Built to Spill - When the Wind Forgets Your Name Music Album Reviews

Built to Spill - When the Wind Forgets Your Name Music Album Reviews
Dotted with cool surprises and intricately plotted melodies, the veteran indie band’s Sub Pop debut shakes things up without breaking their pattern of low-key, late-period releases.

Doug Martsch remains committed to deflating his own myth. For decades the Built to Spill frontman has shot down any suggestion that he’s a particularly notable songwriter or a great musician. “I’m not very good at guitar playing,” he insisted in a recent interview, his latest effort to downplay the achievement of architecting three of the defining indie rock albums of the 1990s. Whatever greatness fans hear in his music, Martsch contends he doesn’t.

Perhaps that posture began as humility, but at some point Martsch started to internalize the notion of his own unremarkableness. Since Built to Spill’s hot streak ended with 2001’s uneven Ancient Melodies of the Future, Martsch has carried on the group as the very good-not-great entity they’ve always existed as in his head. They’ve continued releasing new albums every five years or so, all of them worthwhile—most of them better than you remember, but never as transcendent as you long for them to be. The woozy charm of the band’s heyday is still there, but the consistency isn’t. Their later albums just don’t stick like the classics.

Built to Spill’s latest, When the Wind Forgets Your Name, shakes things up without breaking the pattern. It’s the project’s first release for Sub Pop, and it was recorded with a new (and already retired) lineup featuring Le Almeida and João Casaes of the Brazilian jazz-rock band Oruã.

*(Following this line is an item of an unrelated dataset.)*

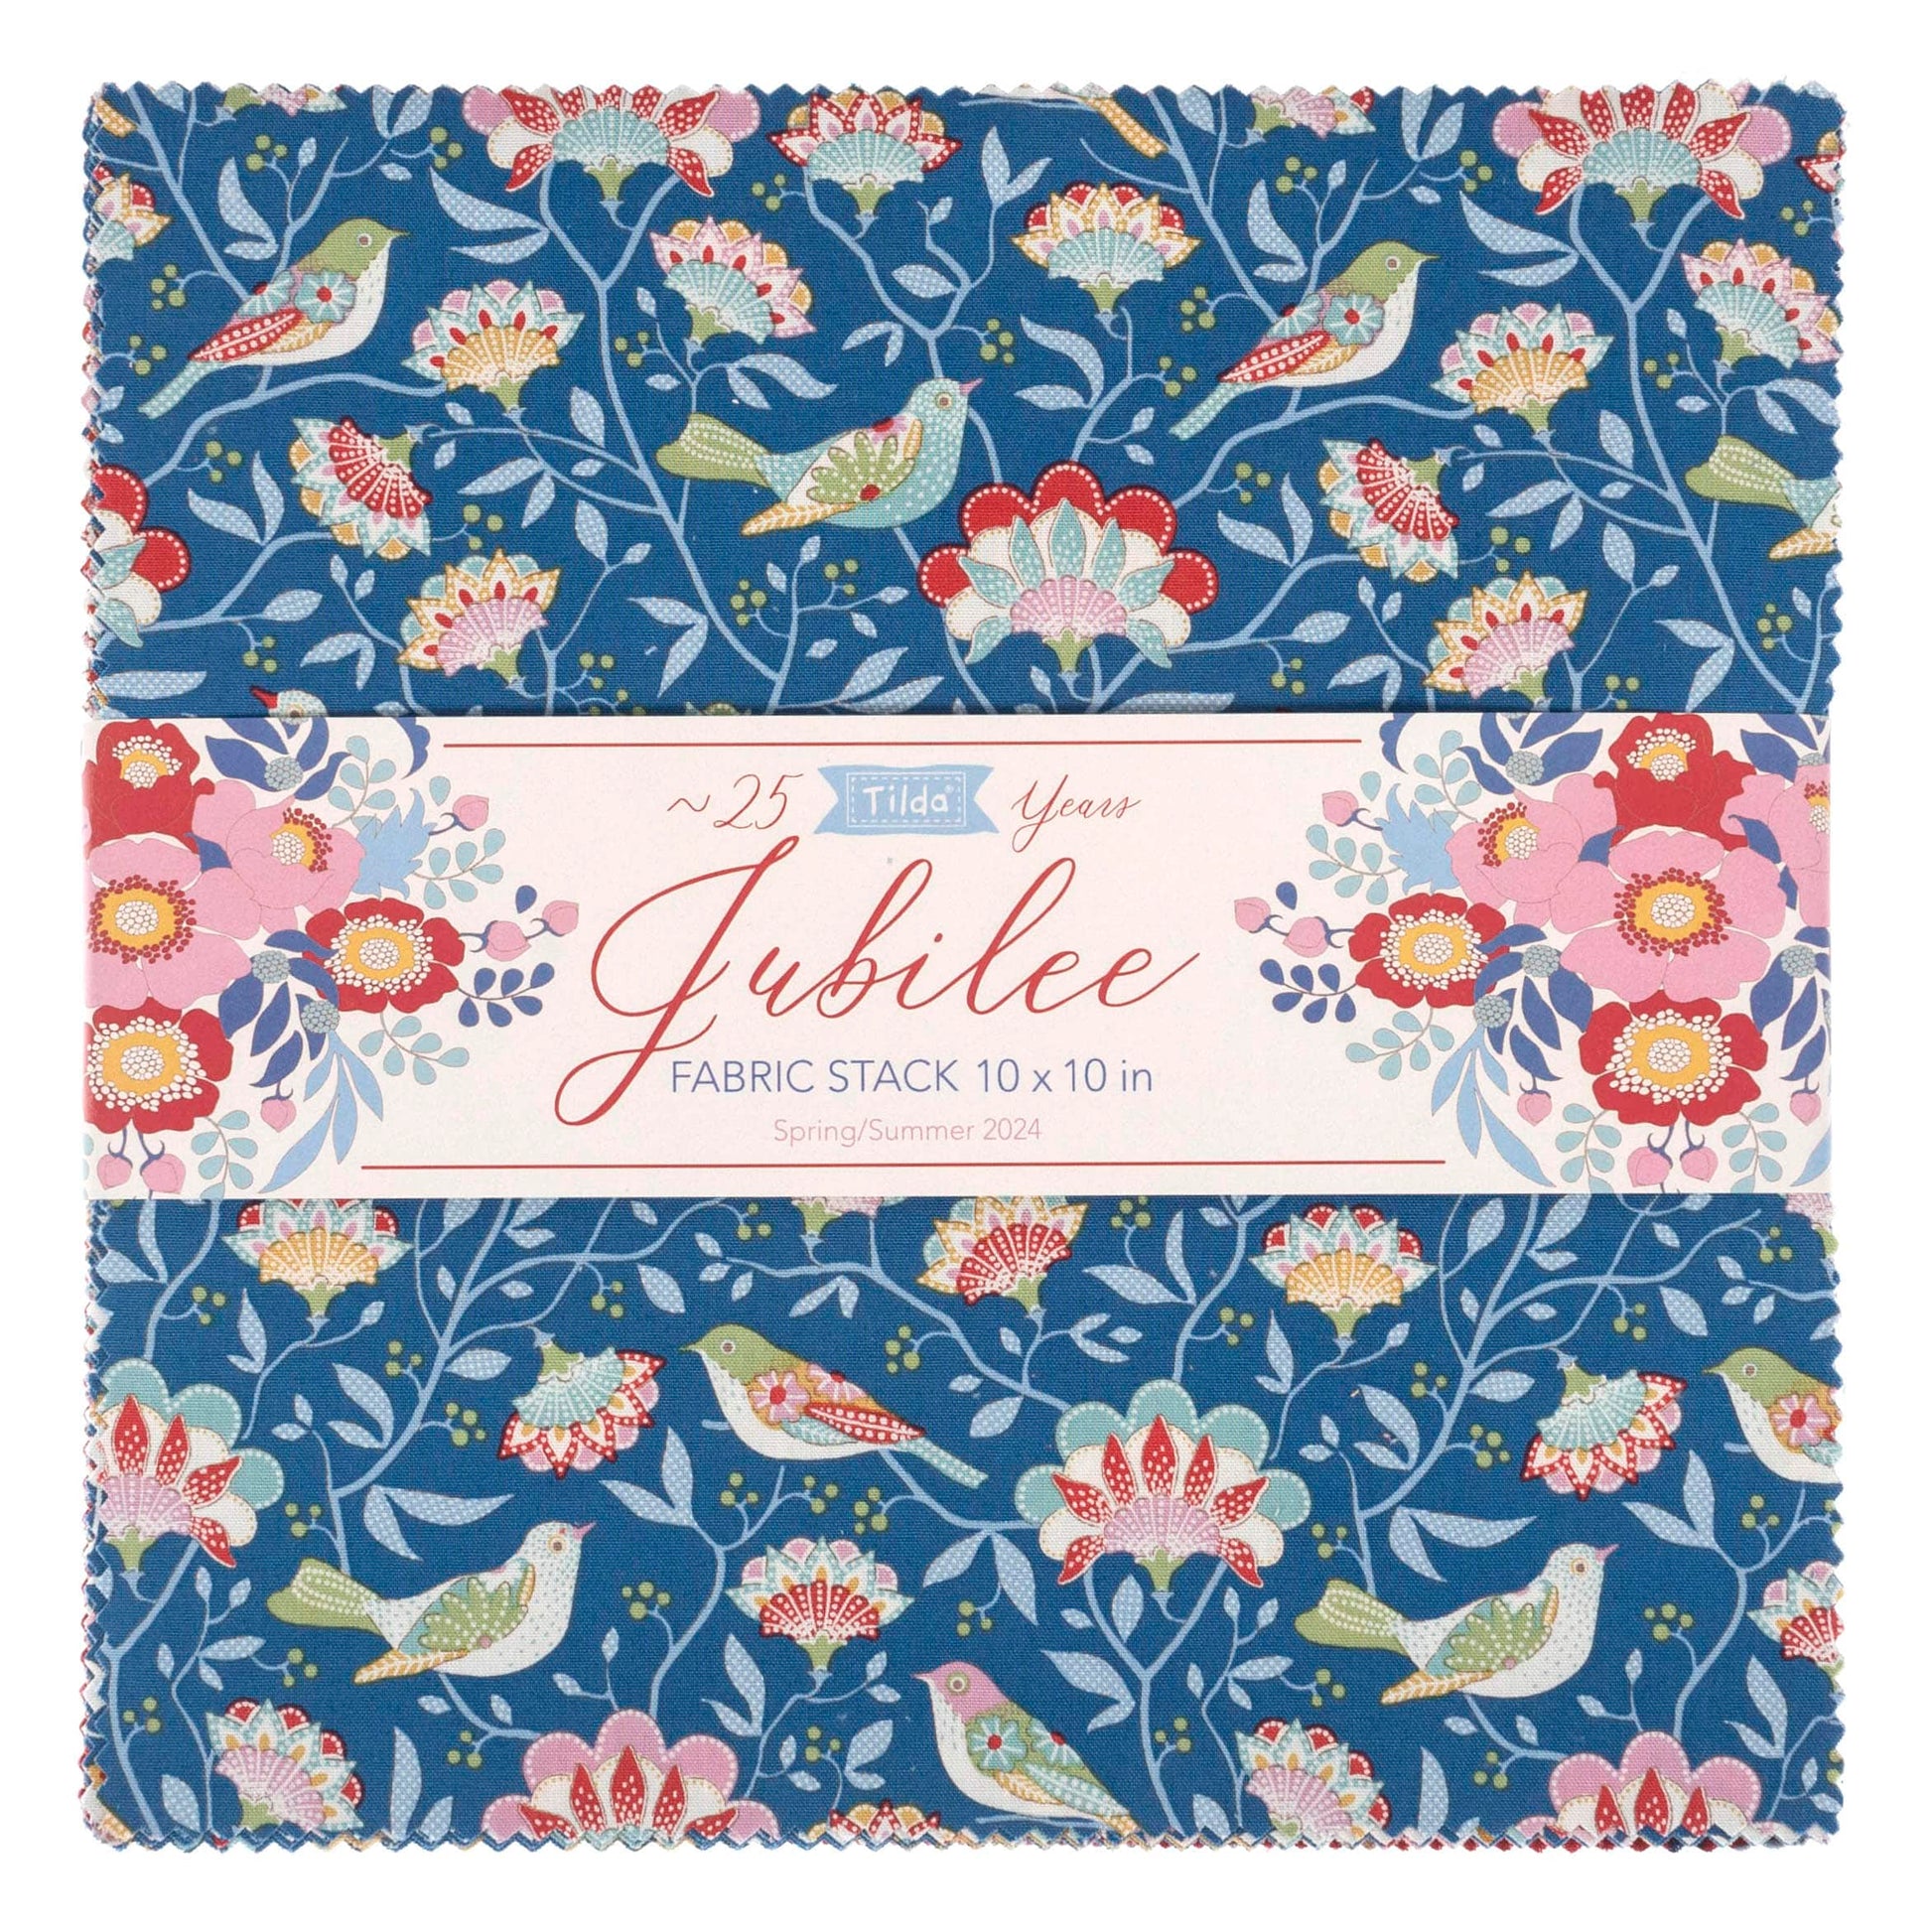 Tilda Jubilee Fabric Stack 10 Inch Squares TD300190

Those temporary bandmates also assisted Martsch with mixing the album, and the record’s reedy tones, conspicuous overdubs, and psychedelic patina give it a very different feel than the band’s hallmark records with Phil Ek.

This is the first Built to Spill record in a while with new ideas. The whole album is dotted with cool surprises, from the Carnival of Souls-esque organ that waltzes between Martsch’s solos on “Elements” to the patchouli-scented guitars that underscore the bewildered mysticism of “Understood.” The Lifes Rich Pageant chime of “Spiderweb” gives way to one spirited twist after another; it’s the rare recent Built to Spill track with a generosity of intricately plotted melodies that rivals Keep It Like a Secret. And with its jerky guitar fits, “Never Alright” begins as the most overt Dinosaur Jr. homage Martsch has ever attempted. Then it sheds its skin so many times it finishes as something completely antithetical to Dinosaur Jr., a tangle of classic rock, dub, and glockenspiel.

On that song, Martsch returns to his most frequent muse: the difficulty of reconciling the inevitable defeats the world doles out, one after another. “No one can ever help no one not get their heart broken,” he sings. “Never Alright” is immediately followed by a more hopeful counterpart, “Alright,” but hope is always relative on a Built to Spill record: “Life goes on and on year after year,” Martsch sings. “Don’t recommend it, but I’m glad I’m still here.”

If When the Wind Forgets Your Name doesn’t add up to more than the sum of its many gratifying parts, it’s mostly because of the choppy pacing. Especially in its opening half, too many tracks get bogged down by dreary tempos that stop the record whenever it locks into a stride. Martsch may be incapable of writing a bad song, but the snoozy “Fool’s Gold” is as close as he gets, and he preemptively sucks a lot of steam out of the album by positioning it right after the ripping opener “Gonna Lose.”

Unforced errors like that really drag down an album, but that’s the story of late-period Built to Spill: No matter how solid their records are, they always seem to tease an even-better one that’s just out of reach, taunting fans with what could have been. Nonetheless, When the Wind Forgets Your Name shows that in generous spurts this band can still sound as driven and disarmingly sincere as they did a quarter century ago. If it’s a lesser Built to Spill album that’s because they all are now. But as their lesser albums go, it’s one of the better ones.